𝐌𝐢𝐜𝐡𝐚𝐞𝐥 𝐂𝐚𝐫𝐥𝐢𝐧𝐨 ⛪︎ 🌲@MichaelCarlino
Baptist Ecclesiology 101:
Local church membership ≠ New Covenant membership.
But a faithful local church strives, by God’s grace and under Christ’s lordship, to mirror the New Covenant as closely as possible in this age.
Local church membership is not the same as New Covenant membership. In historic Baptist theology, the New Covenant is made up of all those who are truly regenerated by the Holy Spirit and united to Christ by faith — the invisible, universal church consisting of every genuine believer across time and space.
Local church membership, by contrast, is a visible, earthly expression of that reality. It is the gathered community of professing believers who have been baptized as believers and who covenant together under the lordship of Christ in a particular place.

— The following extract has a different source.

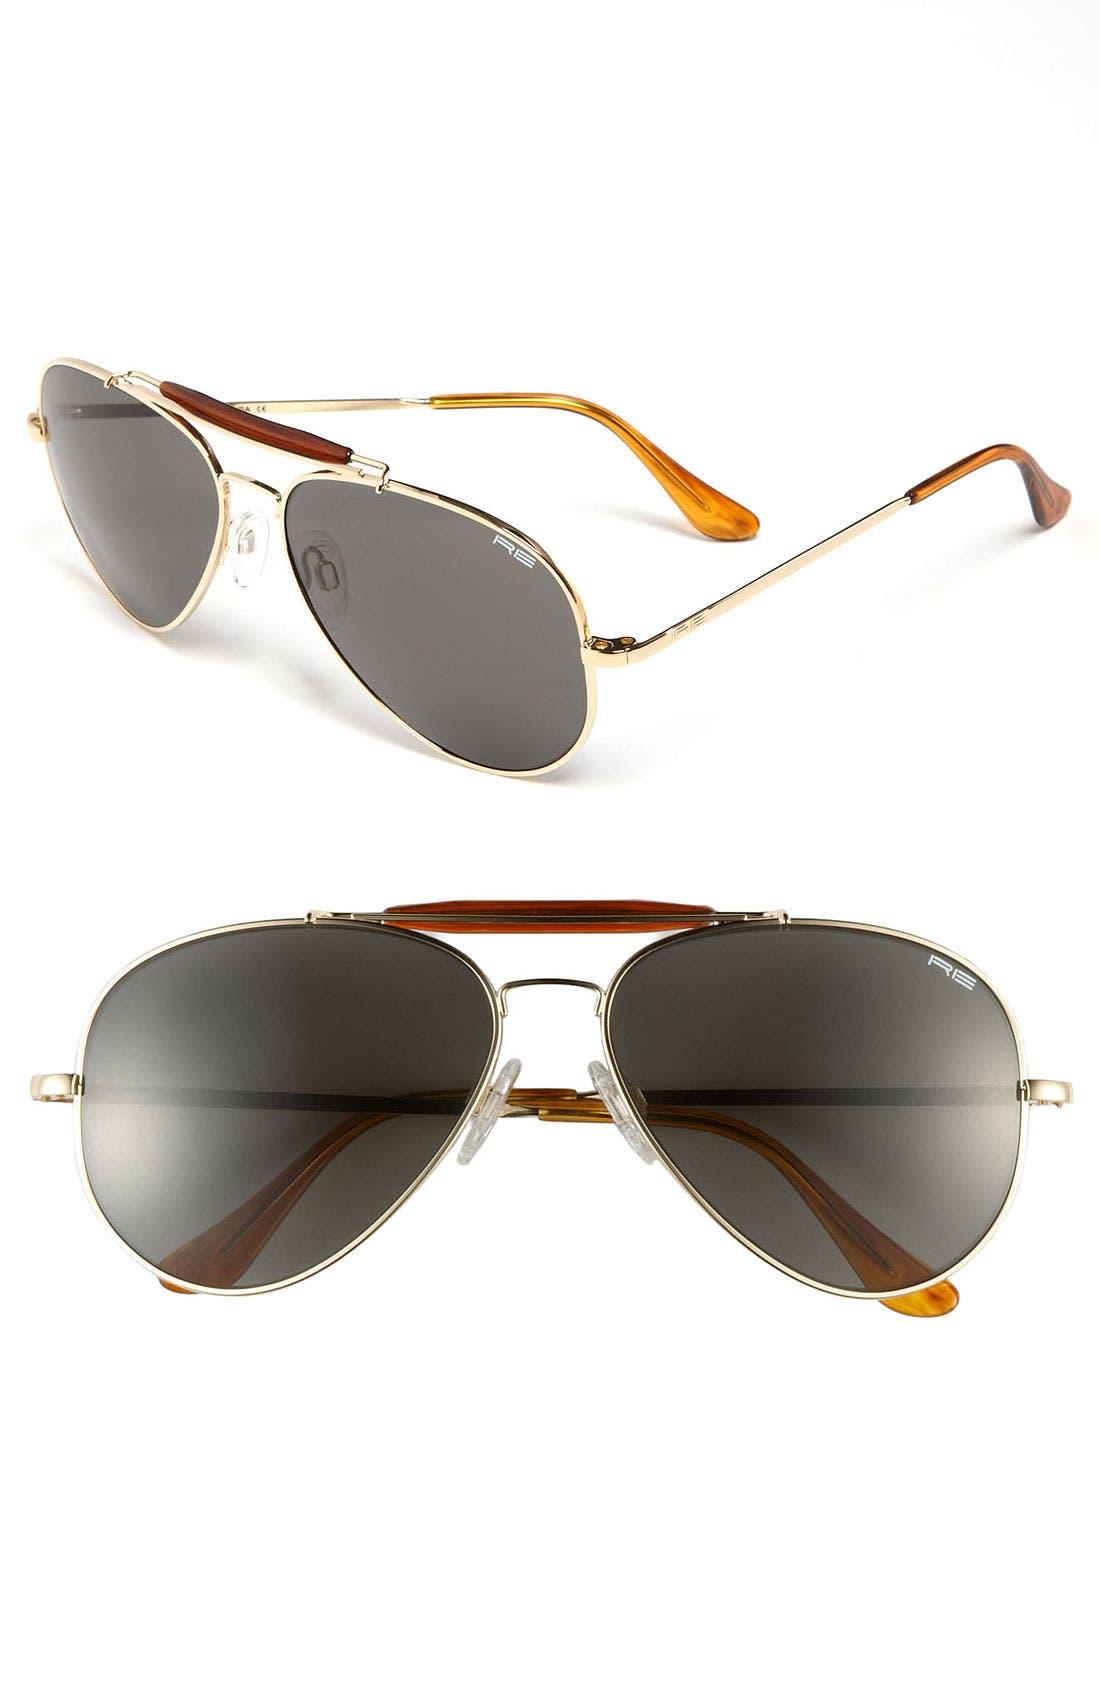 Alternate Image 1 Selected - Randolph Engineering 'Sportsman' 61mm Sunglasses

The goal of a faithful Baptist church is not to perfectly replicate the New Covenant (which is impossible this side of glory, since only God knows the heart). Rather, the aim is for the local church — through careful membership practices, regenerate church membership, believer’s baptism, and biblical church discipline — to reflect the New Covenant as accurately as possible under the lordship of Christ.
In other words: we cannot infallibly know who is truly in the New Covenant. But we are called to make the visible church a faithful, credible witness to the invisible reality.
This is why Baptists have historically insisted on a regenerate (or “believing”) membership: only those who give a credible profession of faith and have been baptized upon that profession should be received as members.
This distinction protects two vital truths:
1⃣The purity of the local church (unbelievers ought to be a bug not a feature of Baptist ecclesiology).
2⃣The humility that belongs to the church (we do not presume to make final, infallible judgments that only Christ can make at the last day).